Material to process:
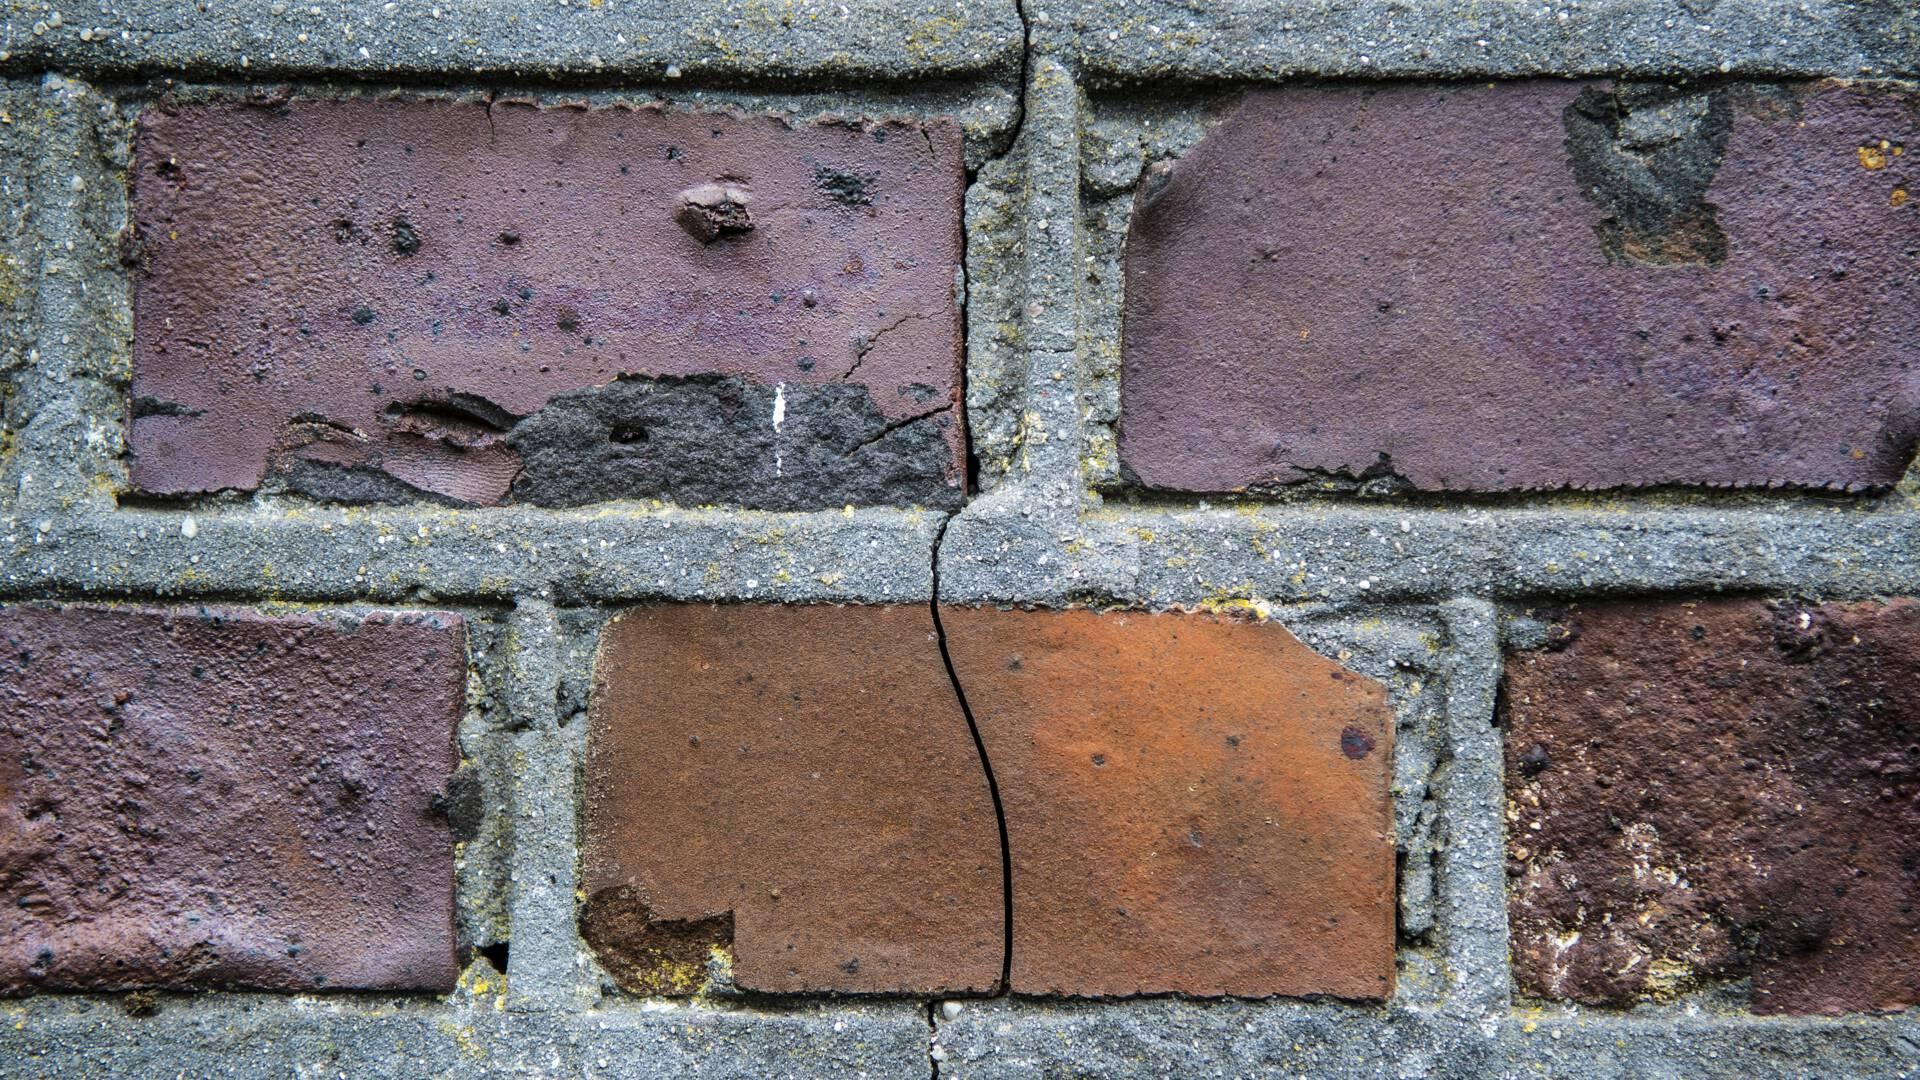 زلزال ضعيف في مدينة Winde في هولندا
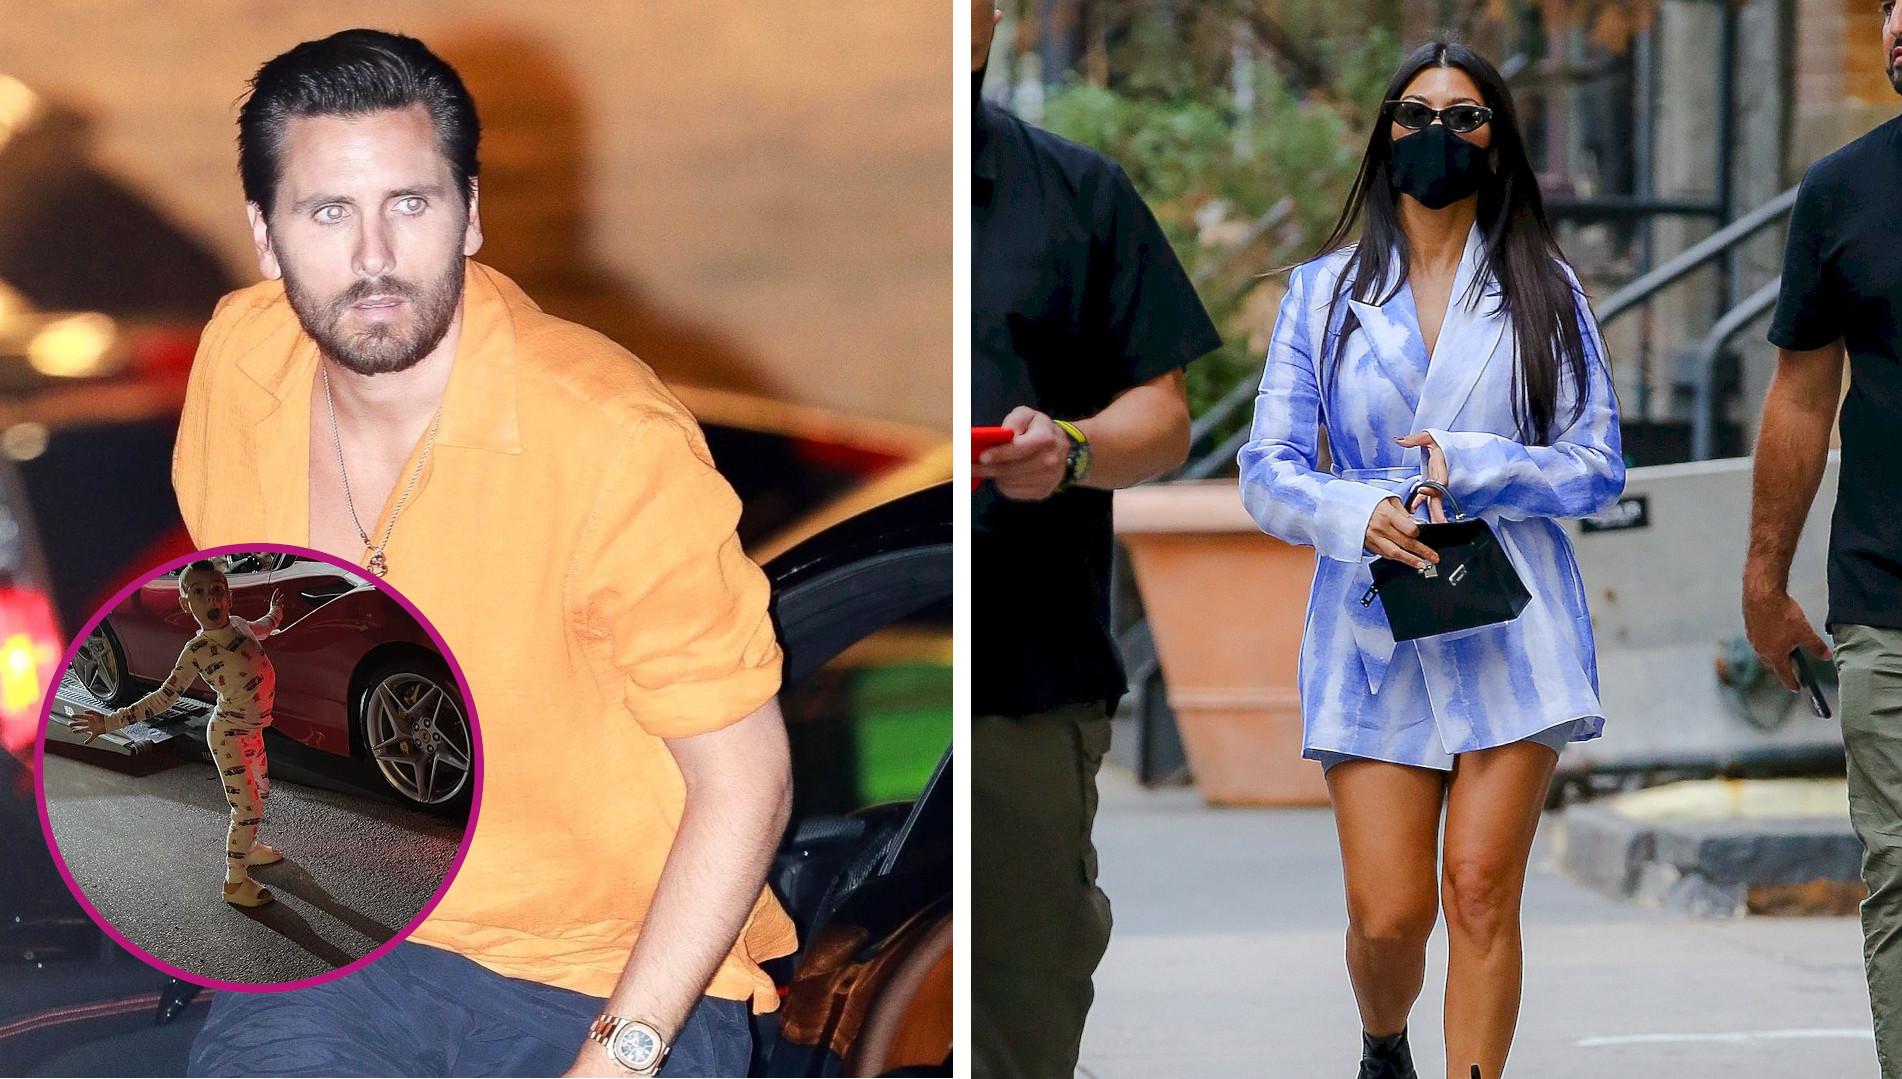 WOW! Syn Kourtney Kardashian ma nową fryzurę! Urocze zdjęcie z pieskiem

* * *

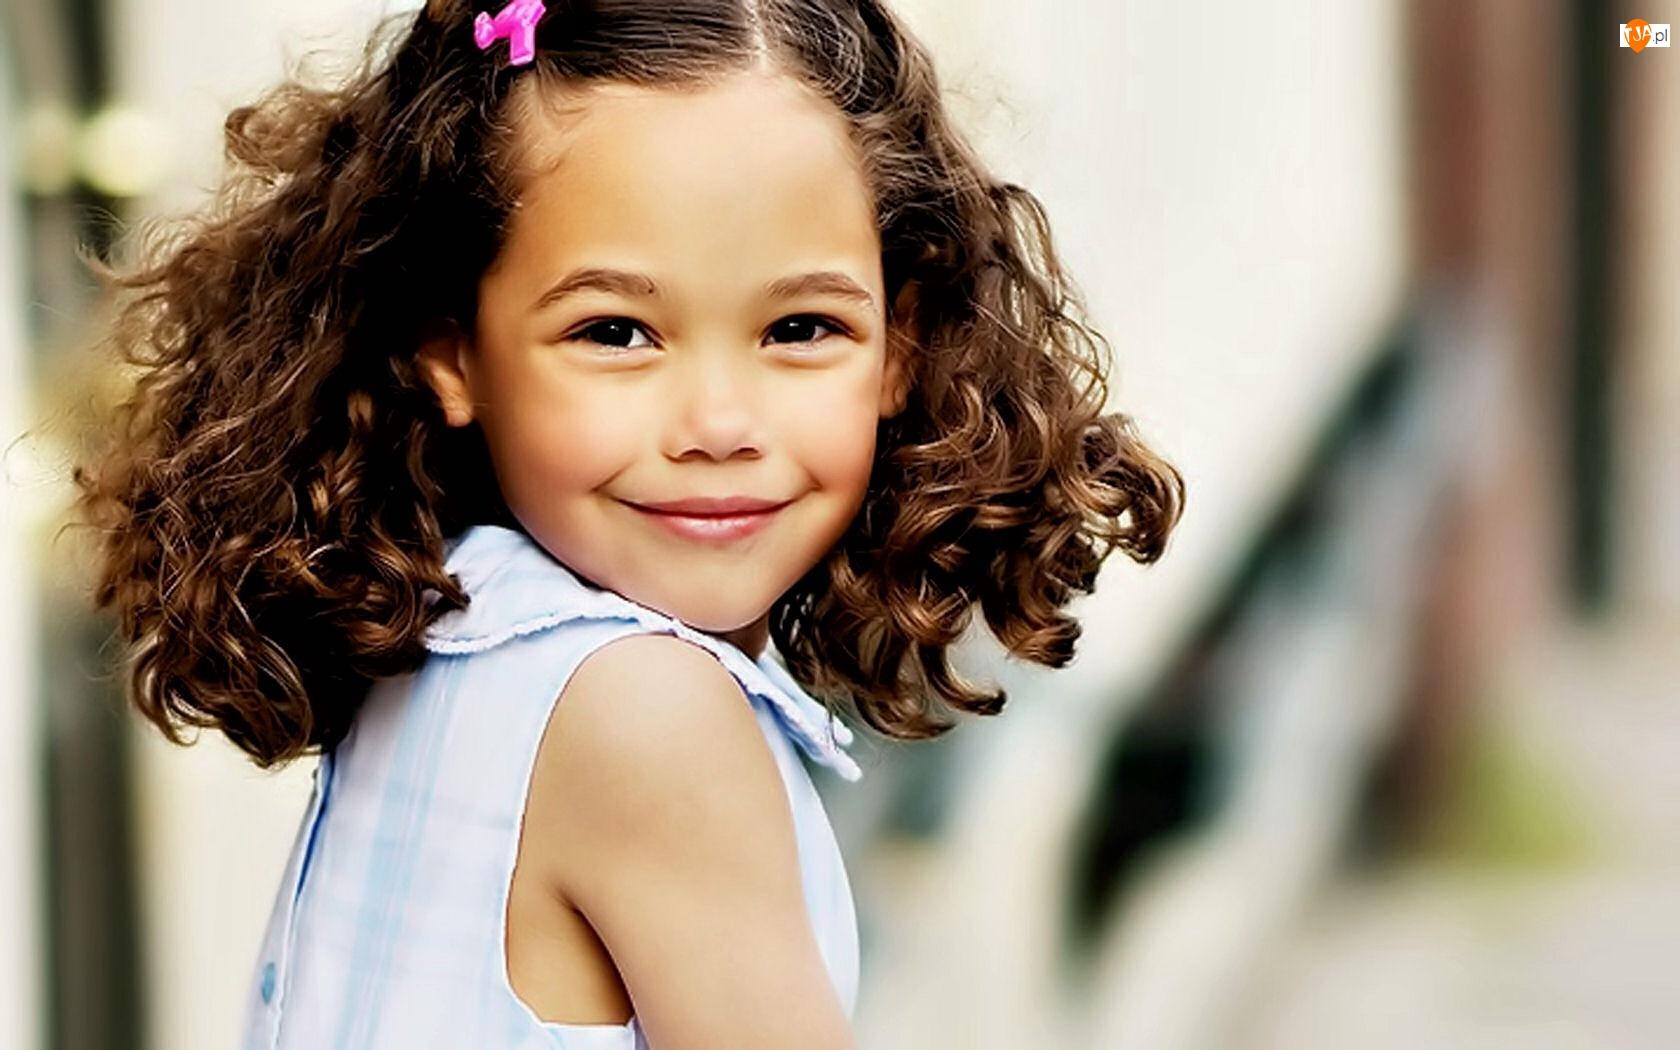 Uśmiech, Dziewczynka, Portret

What this task involves: Look above and copy only the lines from the one holding "زلزال ضعيف في مدينة Winde في هولندا" to the one holding "WOW! Syn Kourtney", both included, exactly, minus the pictures.

Reply:
 زلزال ضعيف في مدينة Winde في هولندا
 WOW! Syn Kourtney Kardashian ma nową fryzurę! Urocze zdjęcie z pieskiem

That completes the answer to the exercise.